Here is the definition of matrix_inverse, it's a C function. It's modified from another SO answer:

这是matrix_inverse的定义,它是一个C函数。它是从另一个SO答案修改:

#import <Accelerate/Accelerate.h>
#include <stdlib.h>

int matrix_invert(long N, double *matrix) {

    long error=0;
    long *pivot = malloc(N*N*sizeof(long));
    double *workspace = malloc(N*sizeof(double));

    dgetrf_(&N, &N, matrix, &N, pivot, &error);

    if (error != 0) {
        // NSLog(@"Error 1");
        return error;
    }

    dgetri_(&N, matrix, &N, pivot, workspace, &N, &error);

    if (error != 0) {
        // NSLog(@"Error 2");
        return error;
    }

    free(pivot);
    free(workspace);
    return error;
}

Here is the source code on github, I might refactor it into a function taking NSArray of CGPoints later.

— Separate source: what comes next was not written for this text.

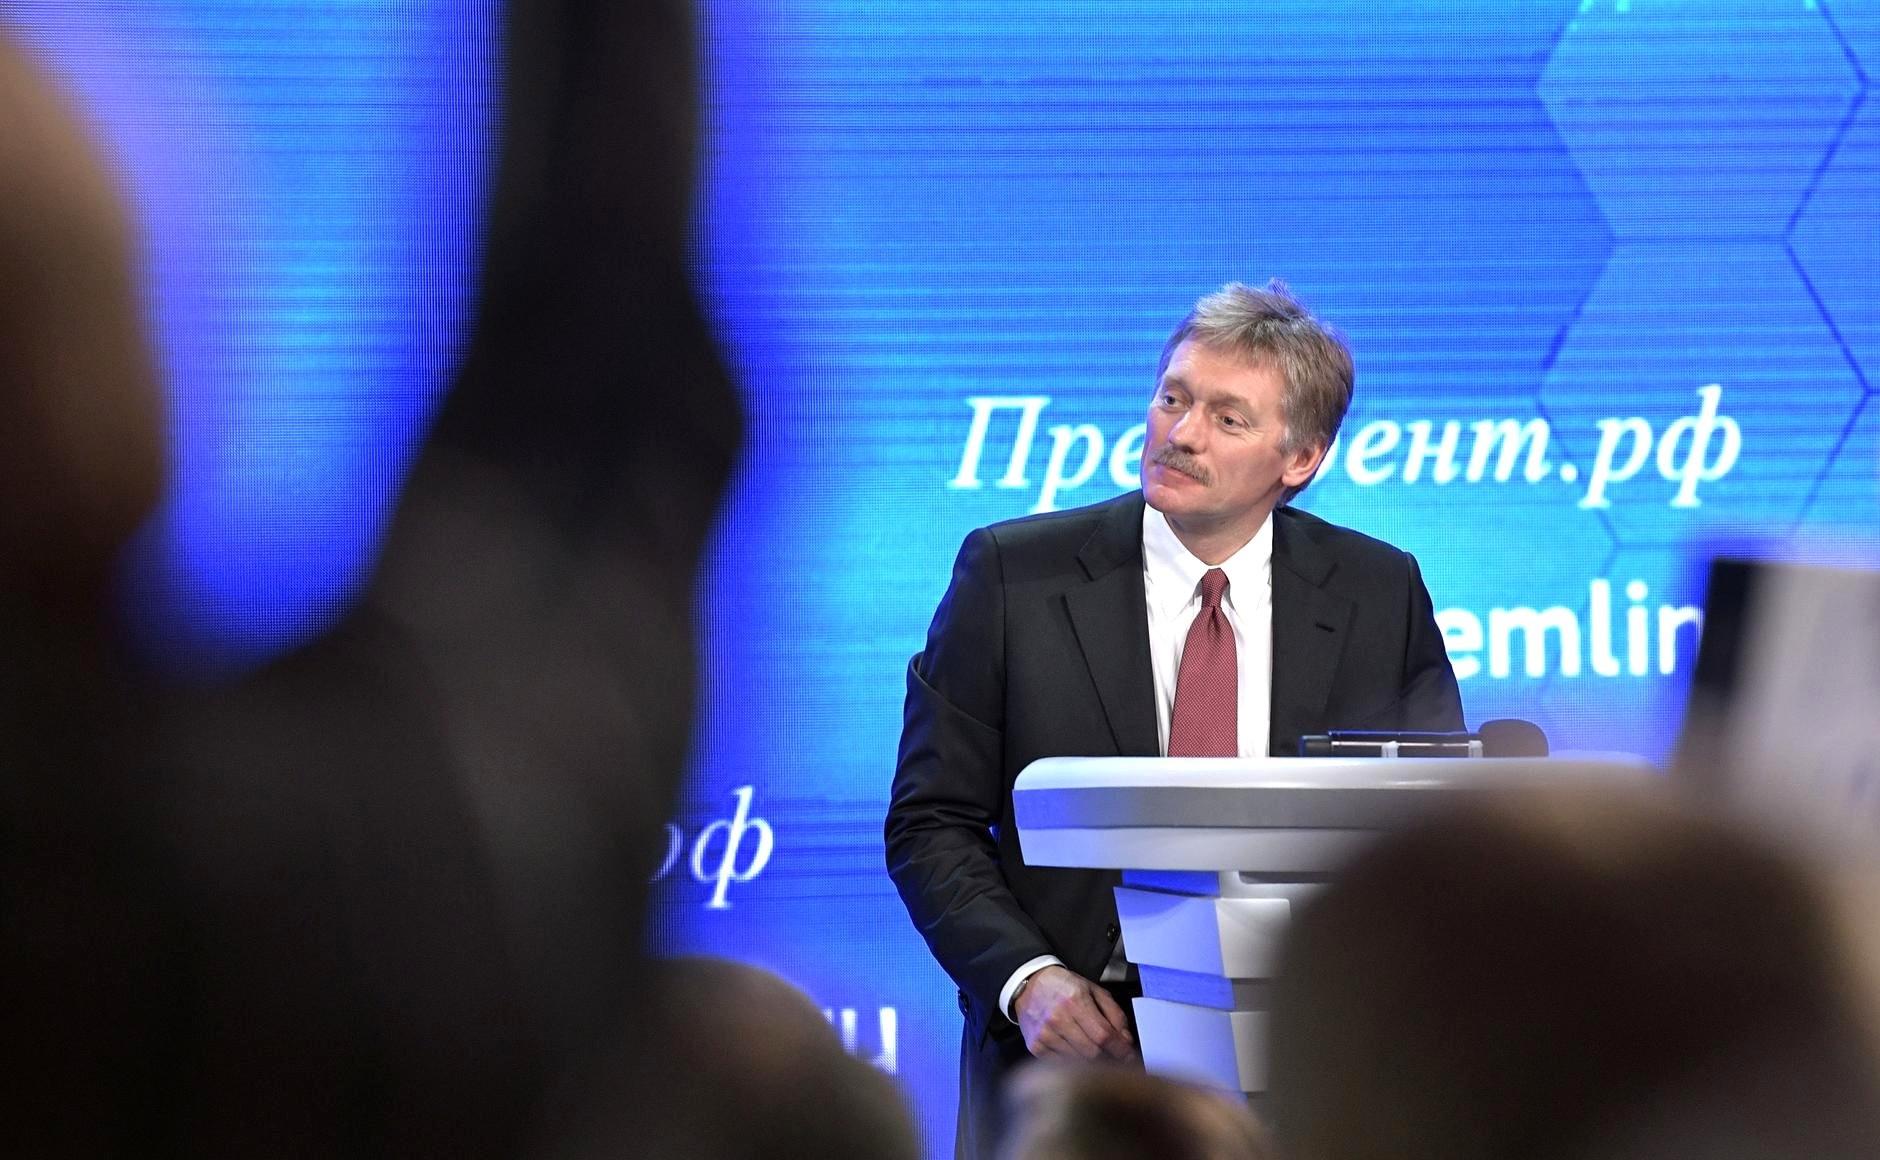 Putin wird erst nach der offiziellen Bekanntgabe dem gewählten Präsidenten gratulieren

这是github上的源代码,我可能会将它重构为一个稍后使用NSArray的CGPoints的函数。

If you have more than 3 points, you need to solve by least square fit. Matrix inverse can do , but is not numerical stable (results can be off a lot), I might also add this solution into the gist later. The correct way is using Singular Value Decomposition, which I don't know how to do with LAPACK.

如果你有超过3分,你需要通过最小平方拟合来解决。矩阵逆可以做,但不是数值稳定的(结果可能会很多),我也可能稍后将这个解决方案添加到gist中。正确的方法是使用奇异值分解,我不知道如何处理LAPACK。